The players were likeable—one had long hair, a beard and could have easily been mistaken for a steel worker.  Another kid nicknamed “Cutch,” once famous for his dreadlocks, had cut his hair and looked like he could step into a suit and tie and walk into any boardroom.  Cutch had an effortless swing, made consistent contact with the ball and was a serious threat on the bases.  When he got on base, and began to lean toward second, you felt the tension—the cat and mouse game with the pitcher.  I began to feel the game creep in. 

I turned to my daughter and said, “I wasn’t half bad at this game.  I played for a Little League  team in Brooklyn (NY) called Good Shepherd; we won the CYO New York City championship by shutting out the Queens champs, St.
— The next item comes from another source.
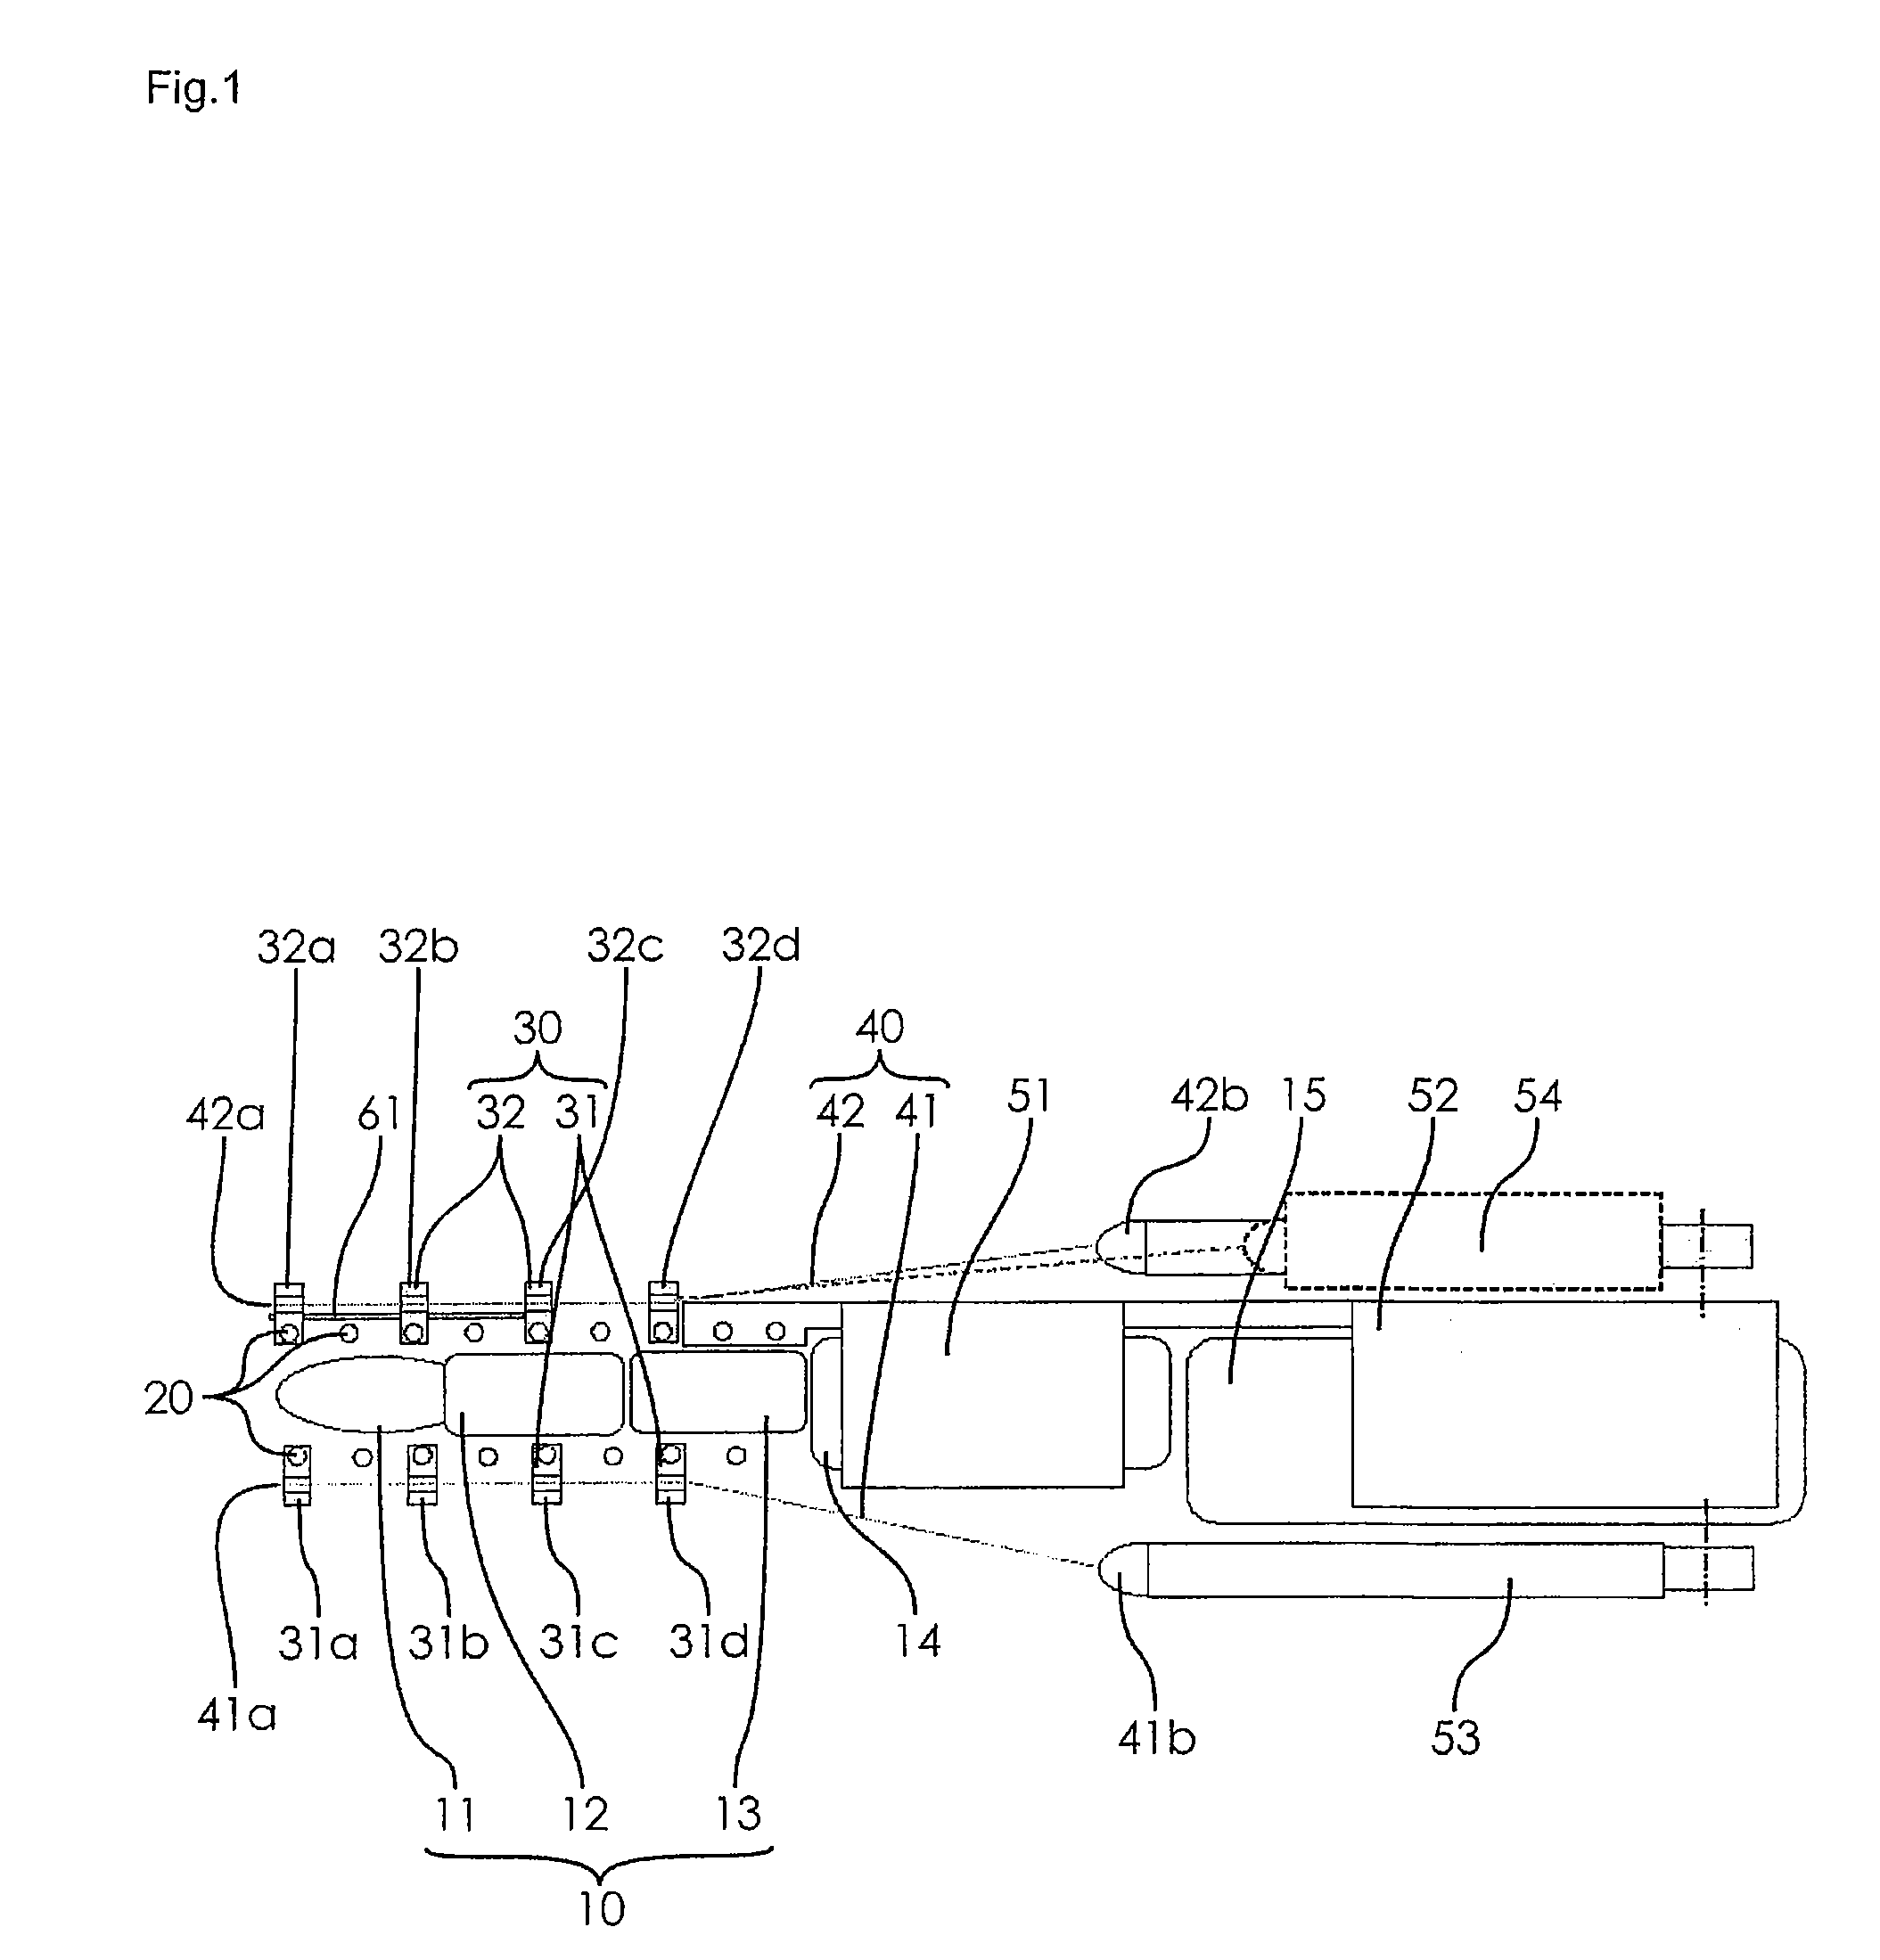 Finger motion assisting apparatus

Mel’s, 6-0.  I played right field and could always get a single or move a player over with a bunt.”

“Really?” she seemed impressed.  ‘What’s a bunt?”

“ I loved the game.  I began as a Mets fan, witnessed their transformation to the “Amazin Mets” in 1969, followed the Giants when they had the “Willies”—Mays and McCovey--and finally found a home with the Yankees.  I had an uncle who bought me a Willie Mays glove and another who took me to Hermann’s (Sporting Goods store) and bought me my first pair of cleats…which I polished and shined before every game.”
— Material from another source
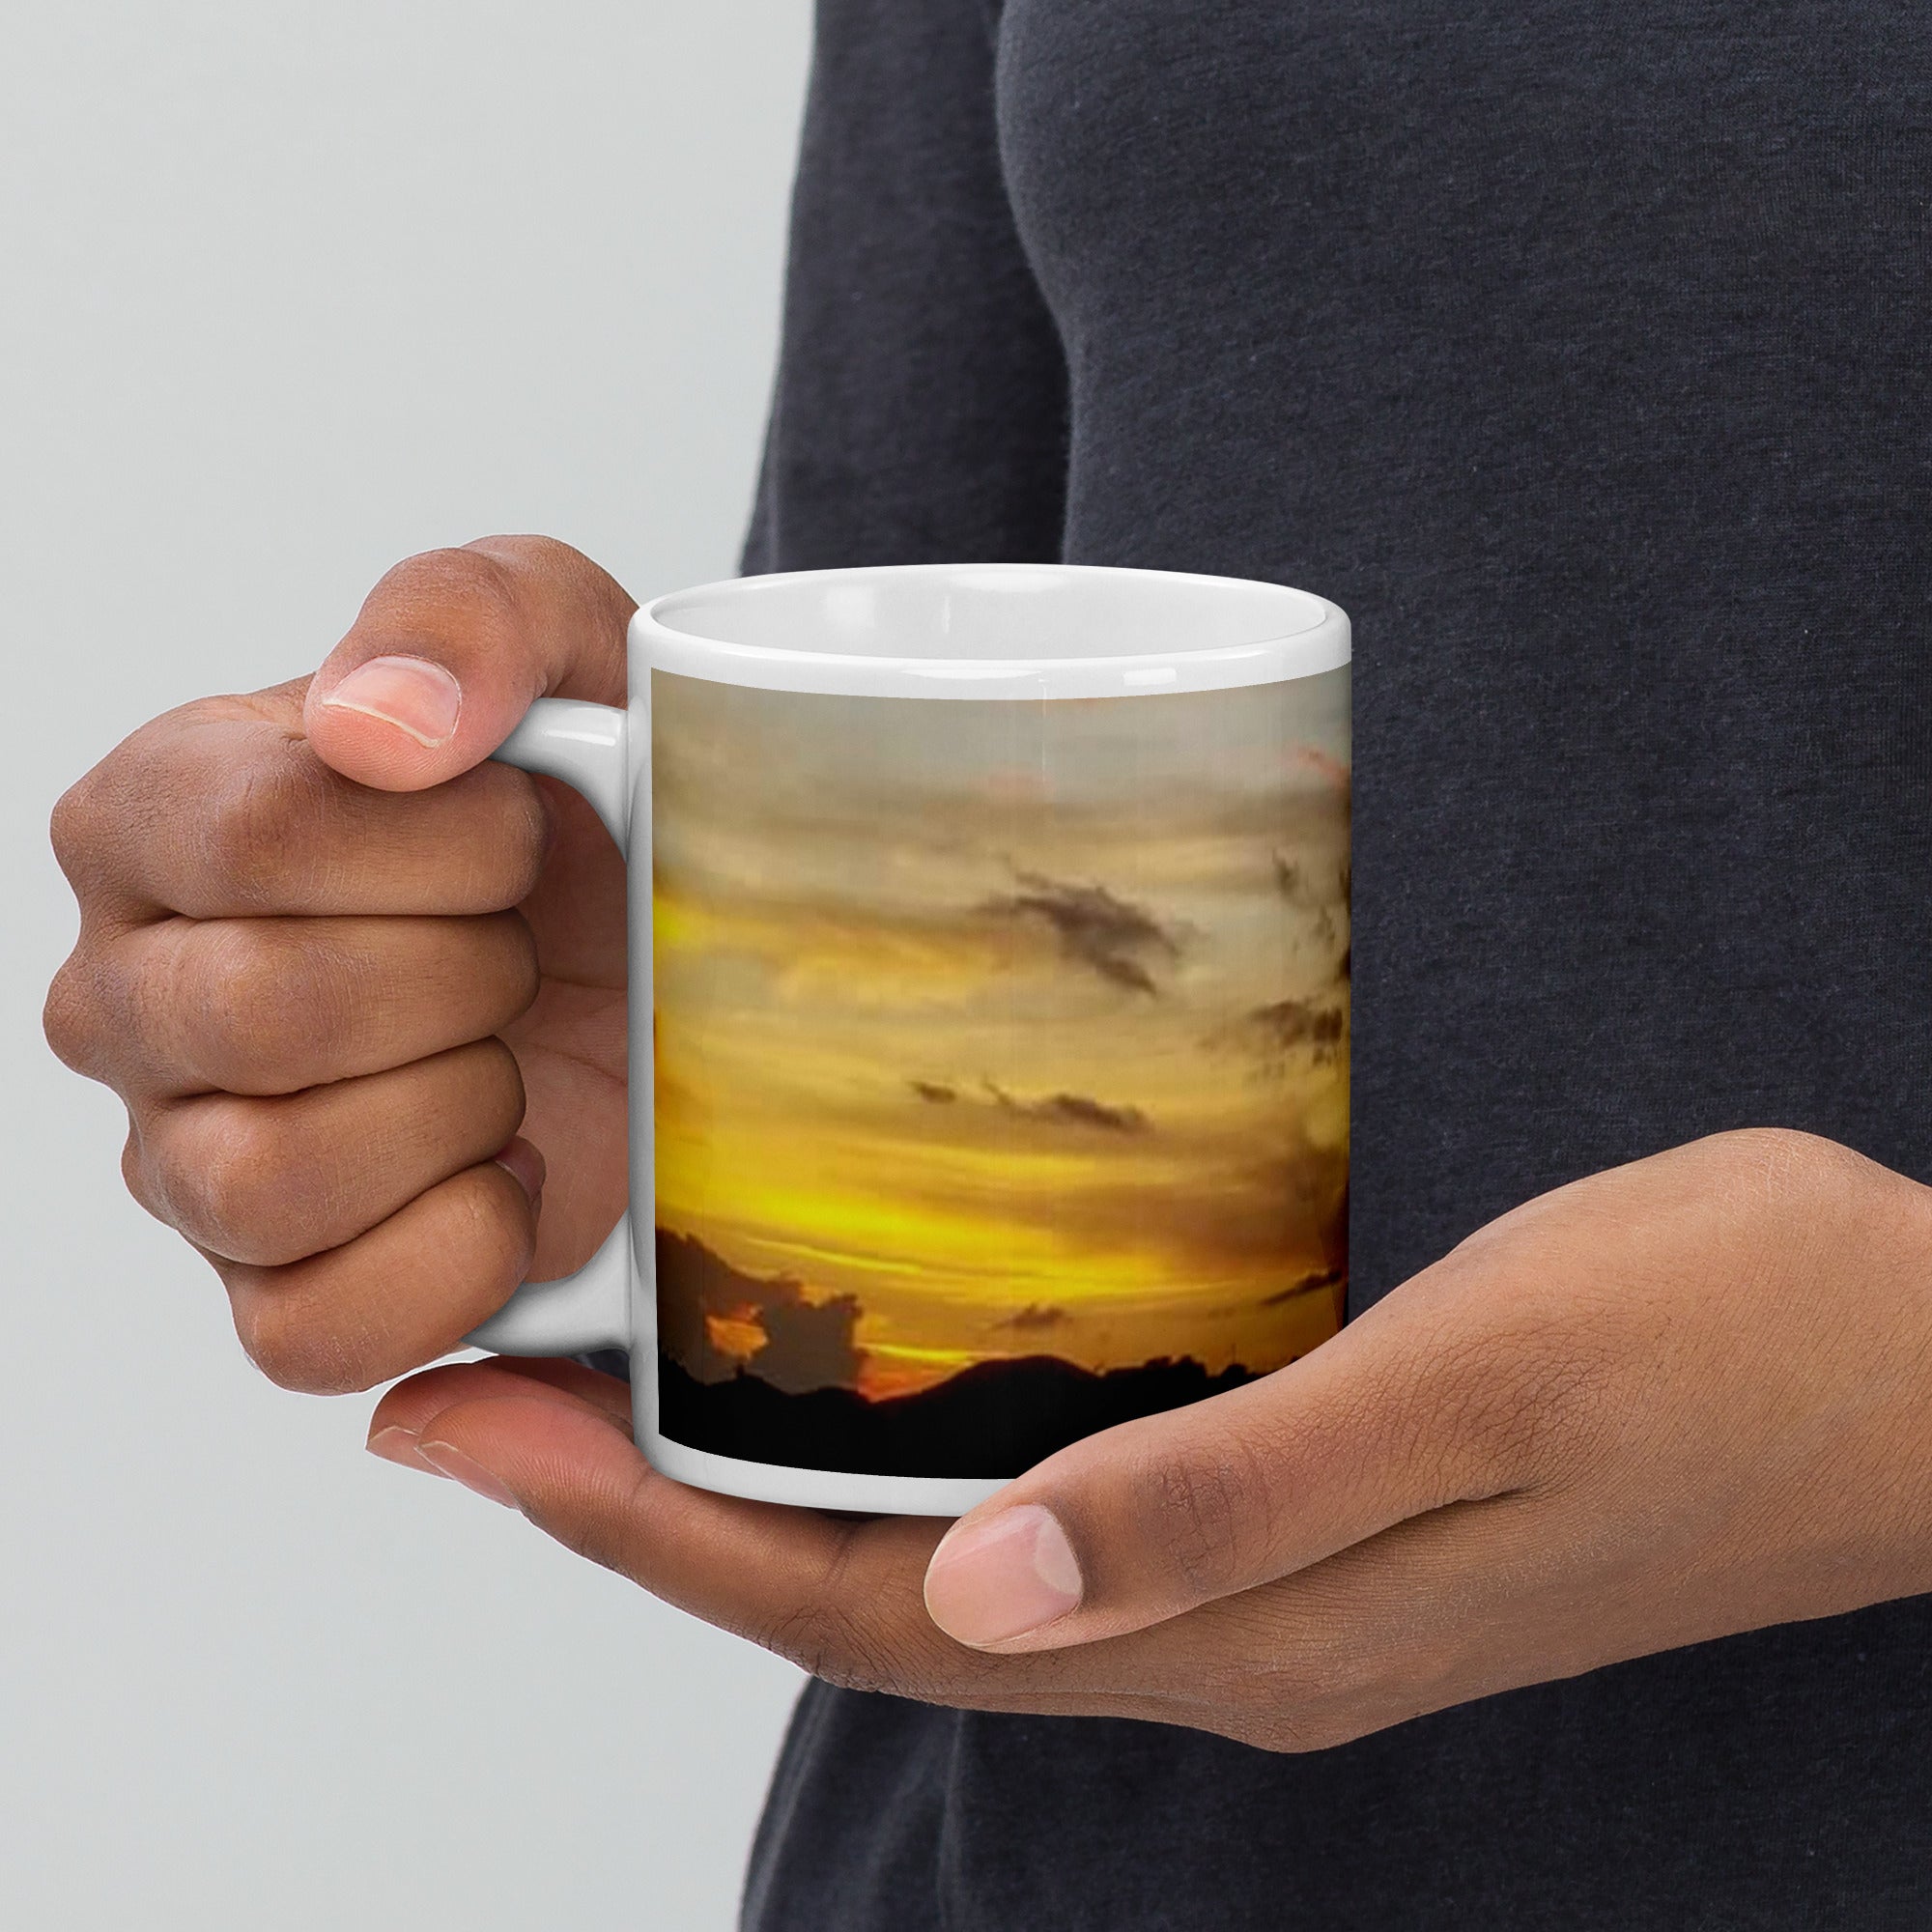 11oz ceramic mug depicting a photo of a lovely sunset in St. Vincent and the Grenadines

Her smile widened; I found the conversation therapeutic.

During the sixth inning, the announcer asked the crowd to stand and sing, “Take Me Out to the Ball Game.” I belted out my finest rendition and left my daughter giggling .  She was enjoying my enjoyment on this special night.  

“It’s a tradition that Grandpa handed down to us,” I explained.

I couldn’t have asked for anything more—an exciting game being played under the lights in the company of my daughter.  I had eaten my “dog” but, now a Senior citizen, I passed on the beer and opted for the diet Coke. 

We left at the end of seven innings with the Padres still down by one.  Alexa pleaded with me to stay longer saying that we might miss something.  But I reminded her that she had work in the morning and I still needed to drive back to Los Angeles.   

“Thanks,” she said, “for the daddy-daughter time.”

“Thank you, Alexa, for bringing me back to this game.”

On the drive home, I remembered the baseball diamonds in Marine Park, the breeze rustling the maple and oak leaves, the Louisville slugger on my shoulder, the pitcher staring me down from the mound.  I looked toward the third base line at my coach, Old Pete, as he reached to his belt for the signal.  It was time to lay down another bunt and move our guy over from second to third. I was smiling again.

PS. Oh, and by the way, Alexa was right.  Something did happen after we left.  The Padres tied it in the eighth only to fall in 12 innings to the Giants by a score of 5-3. How exciting!